What sets the Glisenti model 1910 and the Brixia model 1912 apart? The answer is, not much at all. The Pistola Automatica Glisenti modello 1910 was known simply as the Glisenti, but another pistol known as the Brixia, also issued to none other than the Italian army, was essentially identical.

While the Glisenti was a Swiss design conjured up by a couple of Swiss engineers, the initial production run took place over the nearby Italian border in 1905. It was produced by the Turin factory of Societa Siderurgica, and they cranked out a whole bunch of the little semi-automatic pistols for the Italian military, but two years later they produced an almost exact duplicate, the Brixia.

The Swiss were initially a little peeved about that, as the Brixia was claimed to be an all-Italian creation. The Glisenti and the Brixia were just about identical in appearance and specifications, with the only difference being the lack of a grip safety on the Brixia. Aside from that, it was almost impossible to tell one from the other.
Glisenti 1910 and the Brixia 1912
The Glisenti used a mechanism that employed a locking breech system but it was never very effective. As a consequence, it could never make use of full power cartridges such as 9mm Parabellums. Instead, it had to fire its own special cartridge with a less powerful charge, the 9mm Glisenti. While you could fire the 9mm Parabellum round through the pistol, doing so sometimes meant destruction of the weapon, not a good idea when being used in combat.

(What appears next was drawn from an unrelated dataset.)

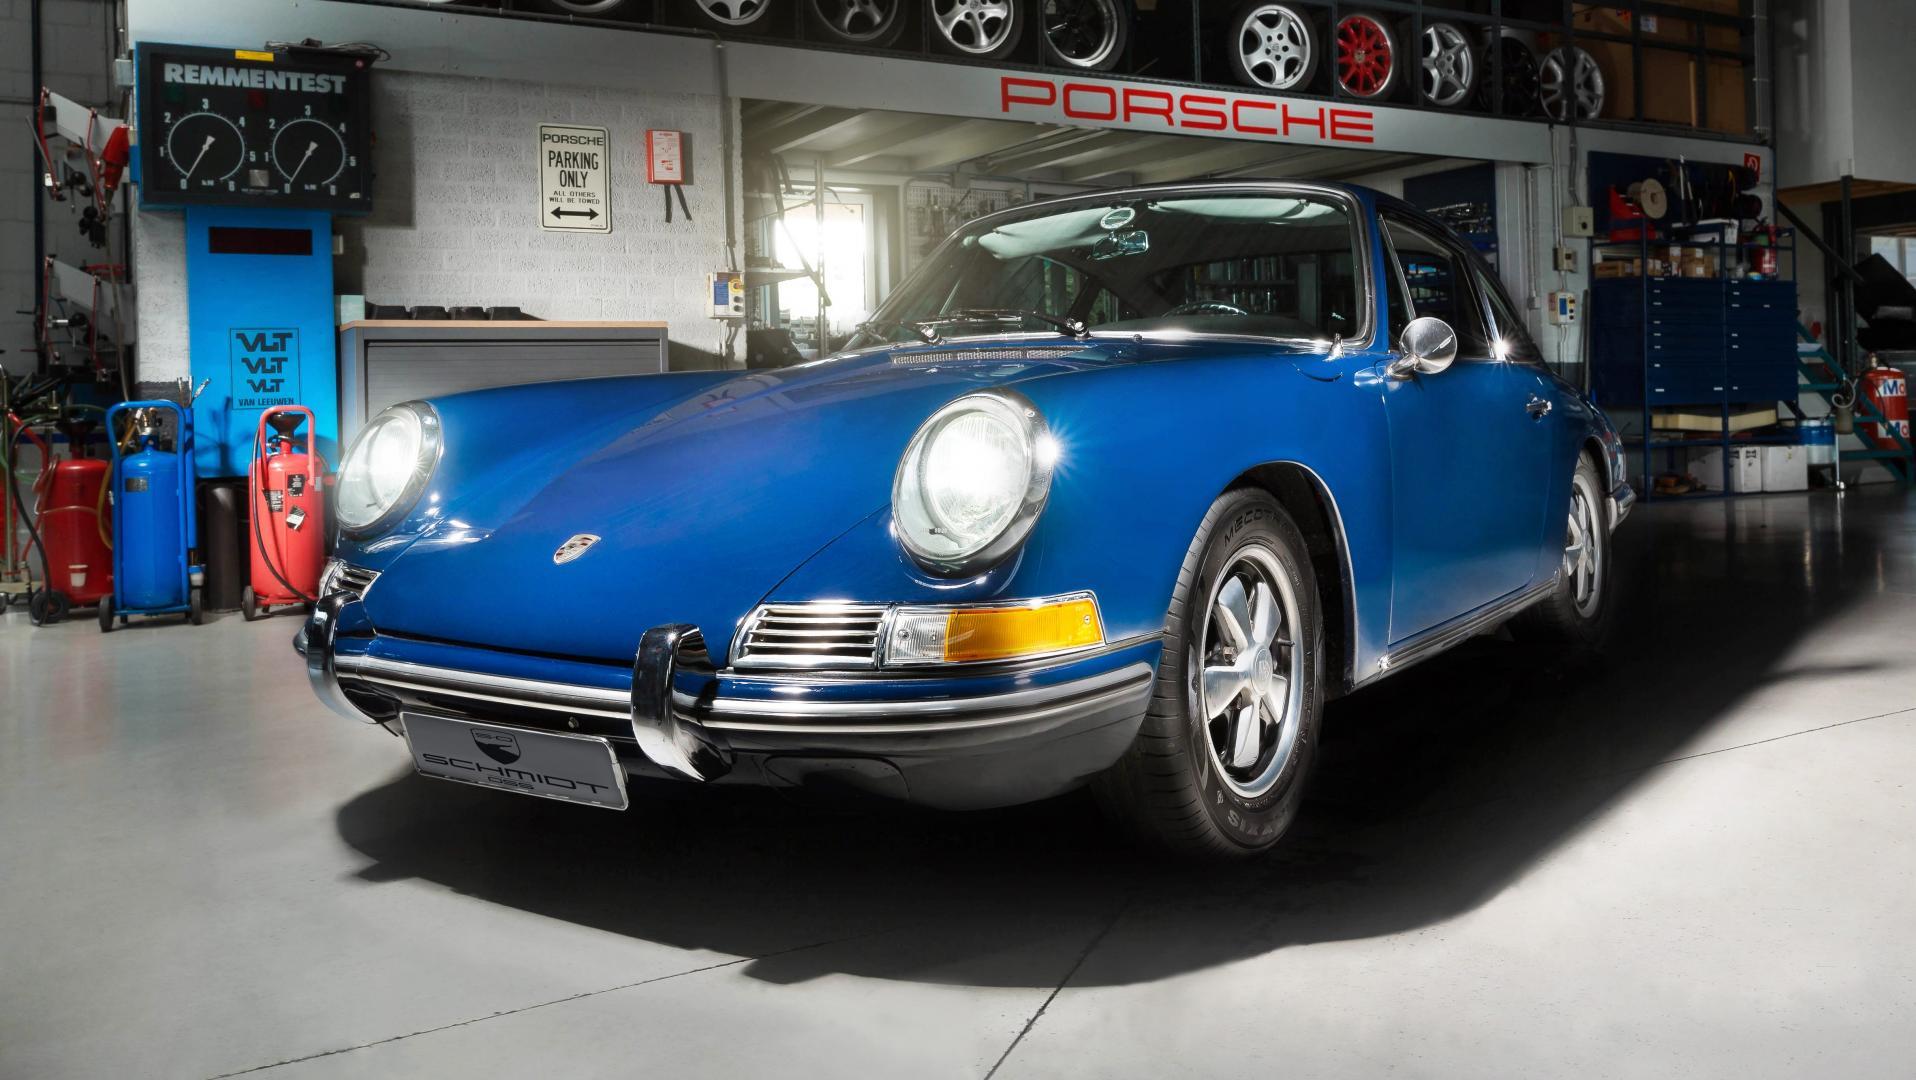 Elektrische Porsche 912 schmidt oss

Under combat conditions the frame of the pistol could become distorted to an unacceptable degree, even with the less powerful rounds, and that would cause either the access plate to fall off or the weapon’s complete destruction.

The weight for both firearms was 1.76 pounds and the overall lengths were 8.315 inches. Both barrel lengths were right at 3.74 inches and the muzzle velocities came in at around 846 feet per second with the less powerful 9mm Glisenti rounds. They had magazine capacities for seven rounds each.

All in all, those two little semi-autos were more dangerous to the user than their intended targets it seems, but the Italians did use them through both world wars. I tried to find something, anything, about those two pistols that I could hang my hat on, you know, something famous they were used for, but not much was found at all. The one thing I did find was that when the Italian troops surrendered in mass both in Sicily and later in mainland Italy in WWII, whole stacks of Glisentis and Brixias were confiscated by the Allies.

I have tried to find one of these guns in working order, but haven’t had any luck with that either. My buddy up in the RCMP, however, has both models on display, somehow managing to find not only two working pistols, but a bunch of original documentation and even a handful of 9mm Glisenti rounds. Either can be found at auction with the starting bid at around $600.